E-mail: drsabry2011@yahoo.com
Corresponding author
|
Received: 02/18/2011 |
First reviewing ending: 02/01/2012 |
First review received: 02/20/2012 |
Accepted: 02/25/2012 |
ABSTRACT
In the past, the main objective of the poultry meat industry was to improve
body weight and feed efficiency of the birds. Modernly, there are other
parameters that are essential to be taken into consideration in poultry
industry such as low cholesterol deposition on the body. For this aim, the
present study was conducted to evaluate the effects of dietary supplemental
canola and olive oils alone or combined on lipid and cholesterol of serum and
tissues in broiler chicks. A total of 120 male chicks were randomly distributed
into four treatments (30 birds each) with three replications (10 birds each)
for each treatment, a completely randomized design was used (p ≤ 0.05).

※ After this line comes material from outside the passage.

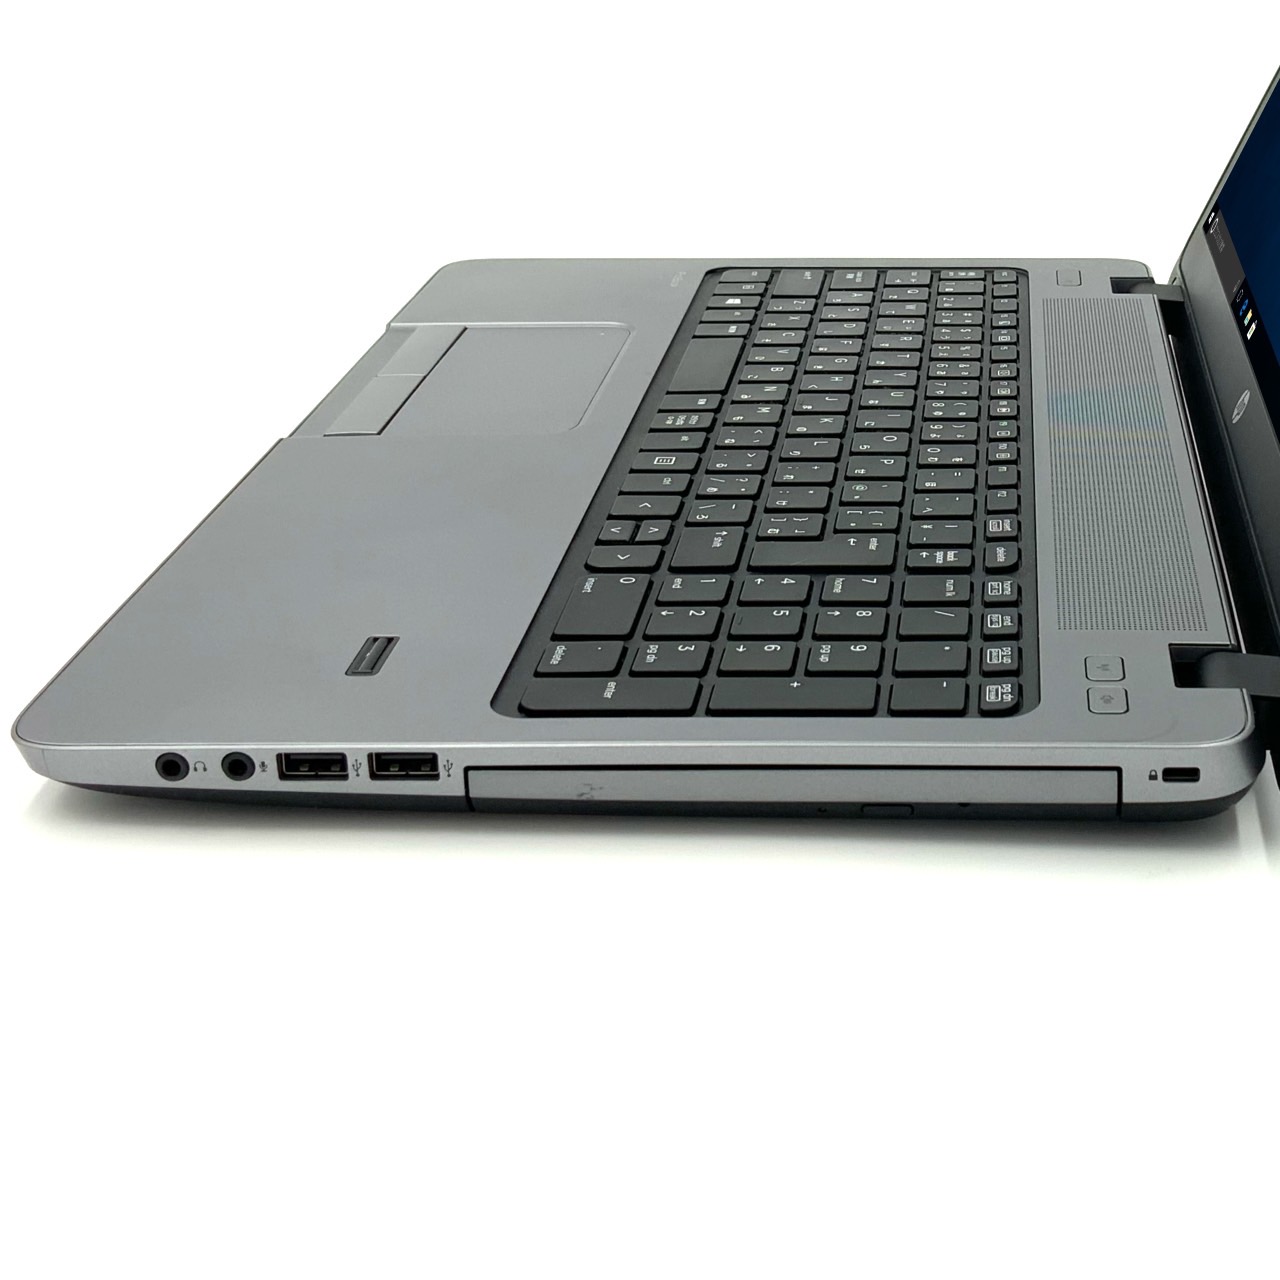 法人値引有 HP ProBook 450 G1 Celeron 2950M メモリ 4GB ノートPC

The blood and tissues samples were taken at the end of experiment (42 days) and
values for triacylglycerol (TAG), total lipid, High-Density-Lipoprotein cholesterol
(HDL-c), LDL-c, very low density lipoprotein cholesterol (VLDL-c) and free
fatty acids levels were determined. In addition, feed intake, growth rate and
feed conversion ratio, and immune response against Newcasle disease (ND) and
sheep red blood cell (SRBC) were also determined. The results revealed that,
dietary supplementation of either canola or olive oils to broiler chick
increased immune response to ND, SRBC, final live body weight and daily gain
compared to control without affecting
TAG, LDL-c, VLDL-c and saturated fatty acids (SFA) when compared with the
control. Interestingly, combined administration of both oils was more effective
in such effect than if they supplemented alone.

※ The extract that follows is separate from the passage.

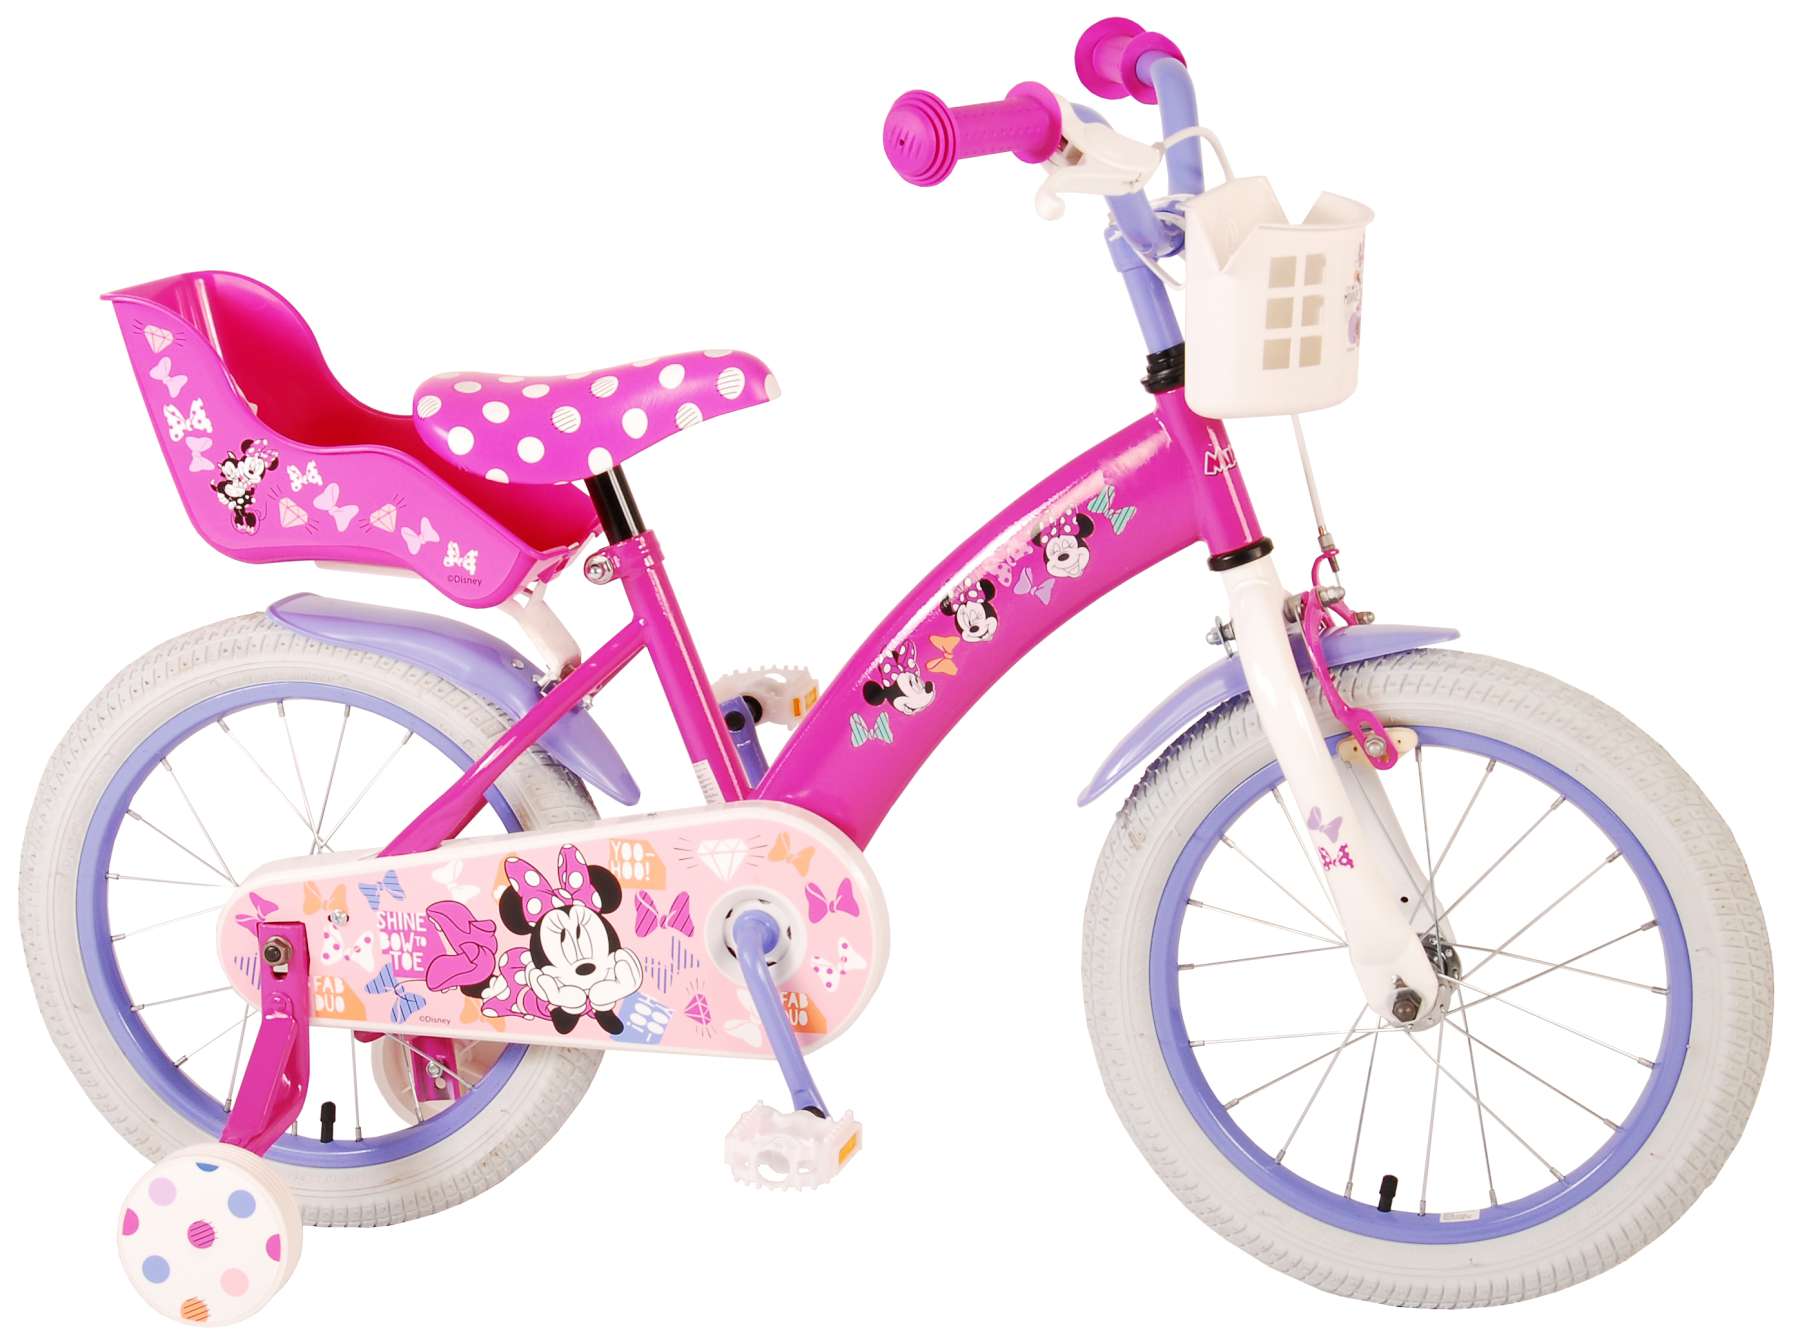 Belichamen Mevrouw In de omgeving van Disney Minnie Cutest Ever! Kinderfiets - Meisjes - 16 inch - Roze

Key words: broiler chicks,
lipid profile, canola and olive oils
RESUMEN
En el pasado, el objetivo principal de la
industria de la carne de ave fue mejorar el peso corporal y la eficiencia
alimenticia de las aves. Modernamente, existen otros parámetros que son
esenciales para tener en cuenta en la industria avícola tales como la
deposición de bajo colesterol en el cuerpo. Para este fin, se realizó el
presente estudio para evaluar los efectos de los aceites de canola y de oliva
administrados solos o en una emulsión combinada sobre los lípidos y colesterol
del suero y de los tejidos de pollos de engorde. Un total de 120 pollos machos
se distribuyeron al azar en cuatro tratamientos (30 aves cada uno) con tres
repeticiones (10 aves cada una) para cada tratamiento, el diseño estadístico
fue completamente aleatorizado (p ≤ 0,05).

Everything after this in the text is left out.